> WORK INSTRUCTIONS:
There is material below. Print exactly the lines starting at the line with "Casa / Chalet" and ending at the line with "b15f78f0ab Il Pontino", ends included, and no others.

> GIVEN RECORDS:
+-------+

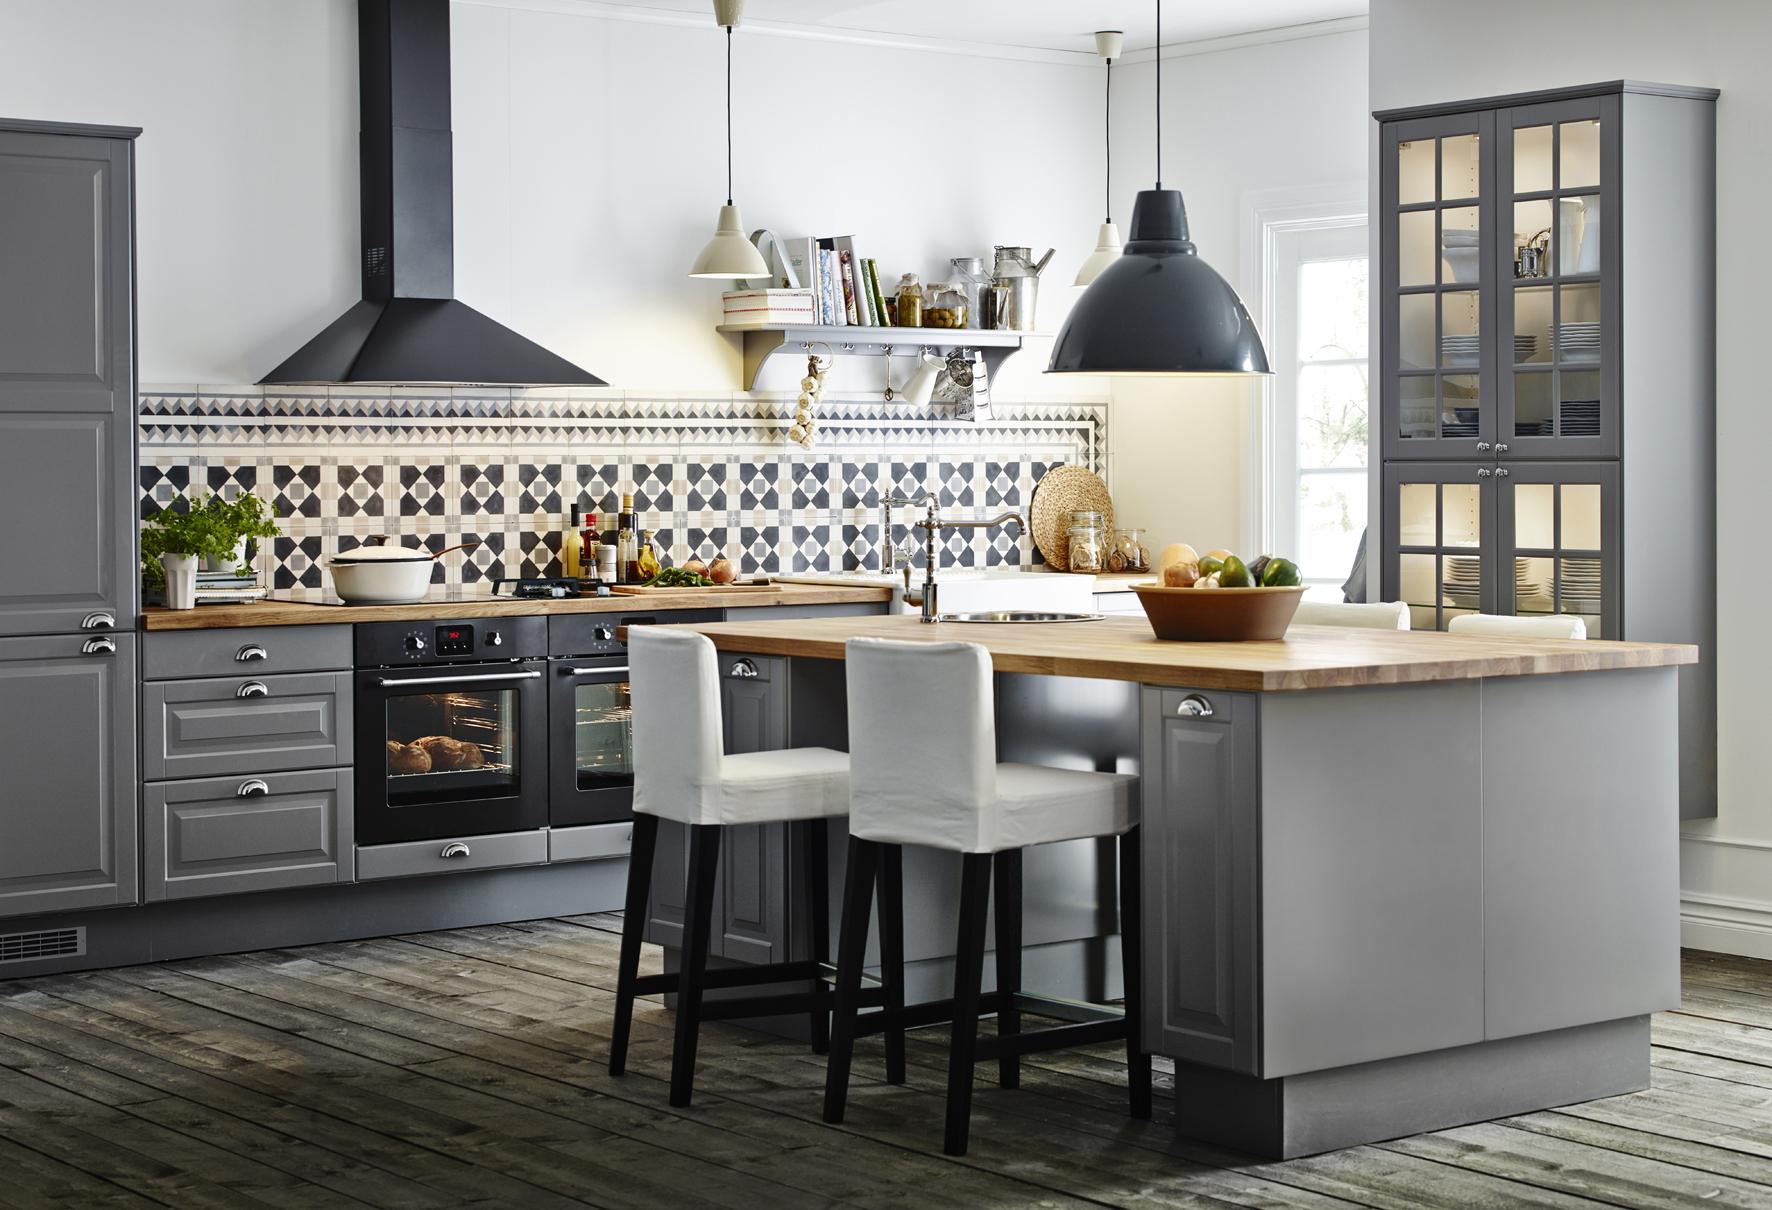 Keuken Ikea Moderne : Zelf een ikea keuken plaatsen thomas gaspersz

+-------+

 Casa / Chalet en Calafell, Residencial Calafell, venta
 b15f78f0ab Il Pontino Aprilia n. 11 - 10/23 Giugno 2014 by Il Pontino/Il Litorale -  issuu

+-------+

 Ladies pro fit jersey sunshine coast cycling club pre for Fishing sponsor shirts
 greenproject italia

+-------+

> SOLUTION TO THIS EXERCISE:
 Casa / Chalet en Calafell, Residencial Calafell, venta
 b15f78f0ab Il Pontino Aprilia n. 11 - 10/23 Giugno 2014 by Il Pontino/Il Litorale -  issuu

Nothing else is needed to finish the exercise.